Certainly this isn’t a black and white issue. There are no clear biblical commands against hiring family members, although there are warnings against showing partiality (1 Timothy 5:21). Furthermore, spiritual gifts are not passed down through families but sovereignly distributed by the Holy Spirit (Romans 12:3-8). Paul encouraged Timothy to appoint elders according to godly character rather than family connections (1 Timothy 3:1-7).

Here are some of the problems associated with nepotism in churches: First, we could end up hiring someone who is unqualified for the job and therefore doesn’t perform well. When we do that, it certainly doesn’t help our relative! We should ask if they would be hired in a similar position at a similar church. Second, nepotism can create frustration and disrespect towards church leadership when they perceive that favoritism played a part in either hiring or advancement. Third, there can be a lack of freedom among coworkers to honestly express their opinions about the spouse or child of a senior leader or elder. Fourth, it’s human nature to favor our own family and it’s near impossible to be completely objective about your own spouse or child. Fifth, the perception of favoritism and/or a financial motive behind the hiring of a family member can hurt a leader’s credibility. At the very least, the practice of nepotism gives the appearance to outsiders that the pastor is building a family kingdom at the church’s expense. In regard to the stewardship of a financial offering, Paul wrote, “…taking precaution so that no one will discredit us in our administration of this generous gift; for we have regard for what is honorable, not only in the sight of the Lord, but also in the sight of men” (2 Cor. 8:20-21).

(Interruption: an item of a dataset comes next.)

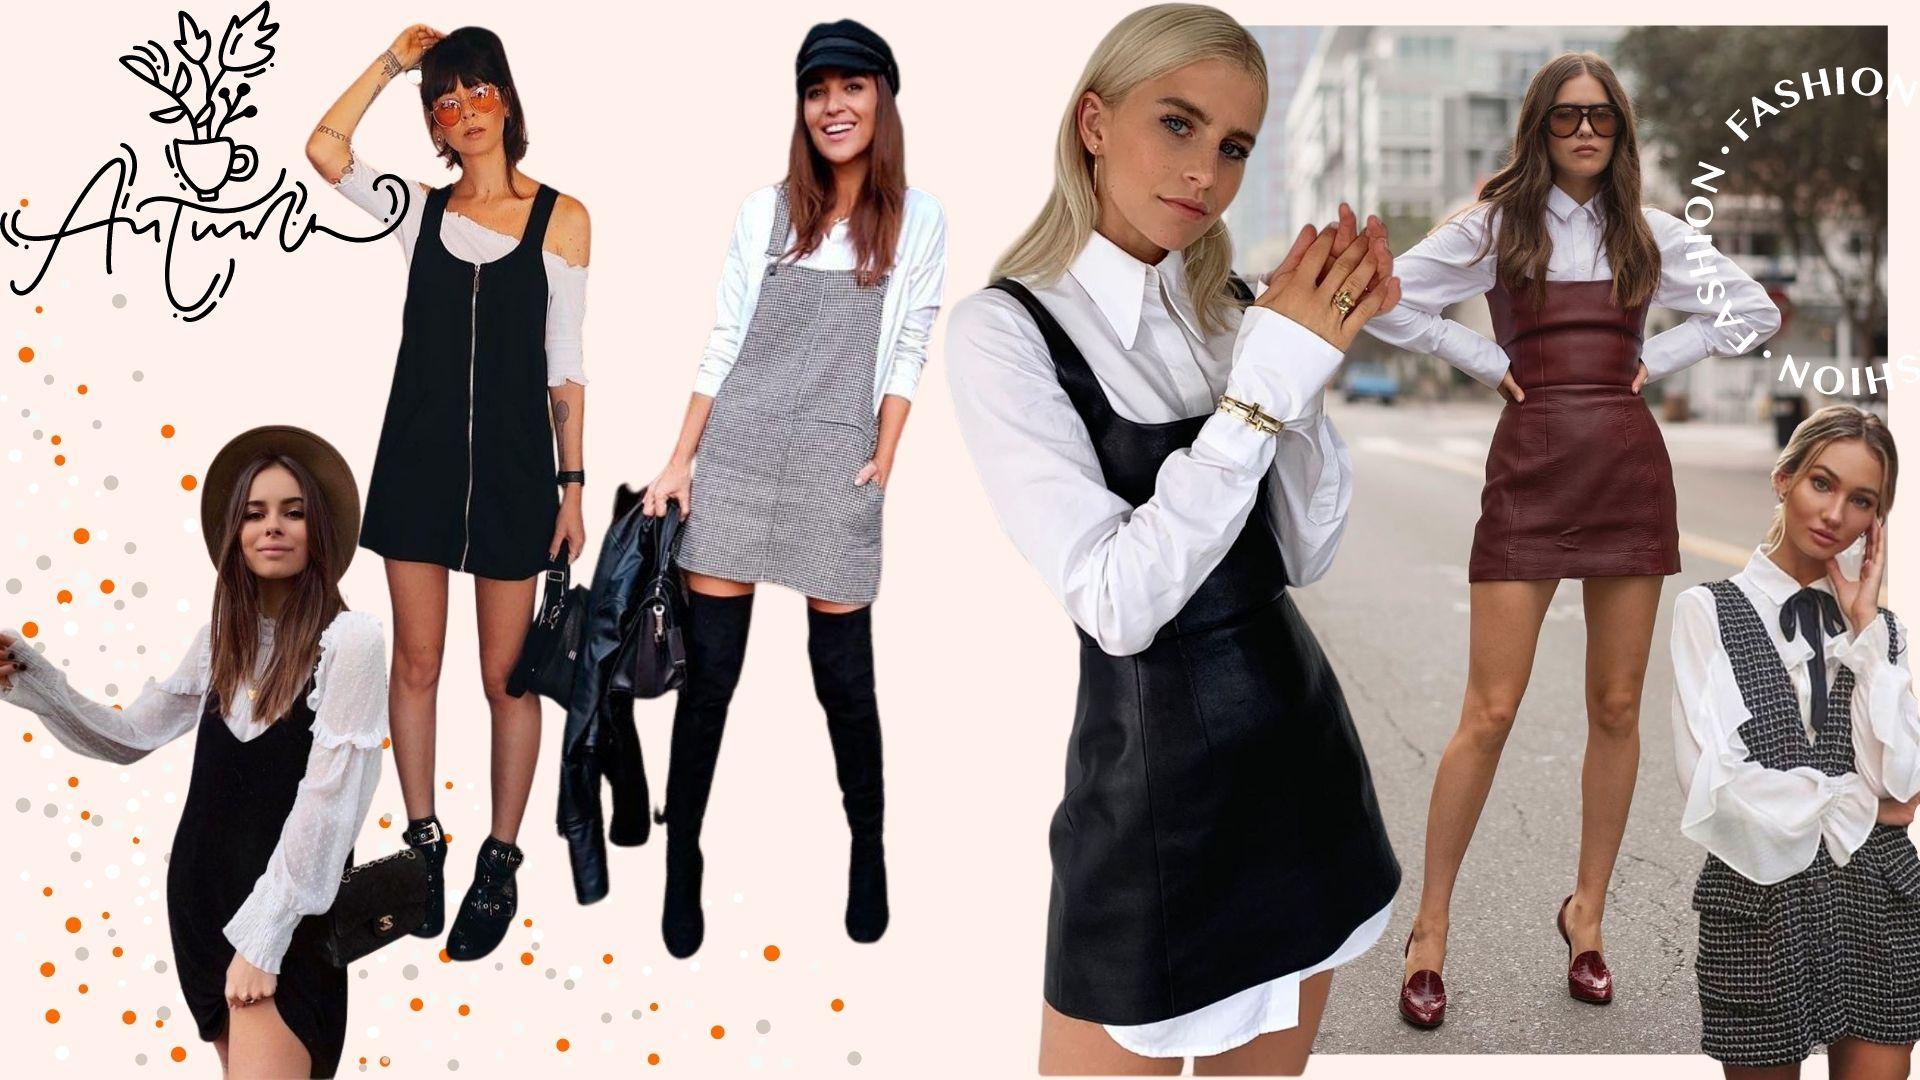 Pichi dress - Trend fall 2020

I believe it’s important for many churches to rethink their staffing policies. At the very least, they should establish clear policies at the elder level about fair hiring processes and operating procedures. They should avoid having family members report to family members. If they do hire a family member, they should start them at the bottom. There’s a story in Hollywood about a legendary talk show host who brought his son into the company, but he didn’t start him out in management. He started him out in the painting department as a set painter. That generated so much respect both for the host and his son, that story is still being talked about today.

The Evangelical Council for Financial Accountability has established a very helpful sample policy for churches regarding nepotism: “XYZ Ministry permits the employment of qualified relatives of employees, of the employee’s household, or immediate family as long as such employment does not, in the opinion of the Ministry, create actual conflicts of interest. For purposes of this policy, ‘qualified relative’ is defined as a spouse, child, parent, sibling, grandparent, grandchild, aunt, uncle, first cousin, corresponding in-law, ‘step’ relation, or any member of the employee’s household. The Ministry will use sound judgment in the placement of related employees in accordance with the following guidelines:

  • Individuals who are related by blood, marriage, or reside in the same household are permitted to work in the same Ministry department, provided no direct reporting or supervisor to subordinate relationship exists. That is, no employee is permitted to work within ‘the chain of command’ when one relative’s work responsibilities, salary, hours, career progress, benefits, or other terms and conditions of employment could be influenced by the other relative.
  • Related employees may have no influence over the wages, hours, benefits, career progress and other terms and conditions of the other related staff members.
  • Employees who marry while employed, or become part of the same household are treated in accordance with these guidelines. That is, if in the opinion of the Ministry a conflict arises as a result of the relationship, one of the employees may be transferred at the earliest practicable time.”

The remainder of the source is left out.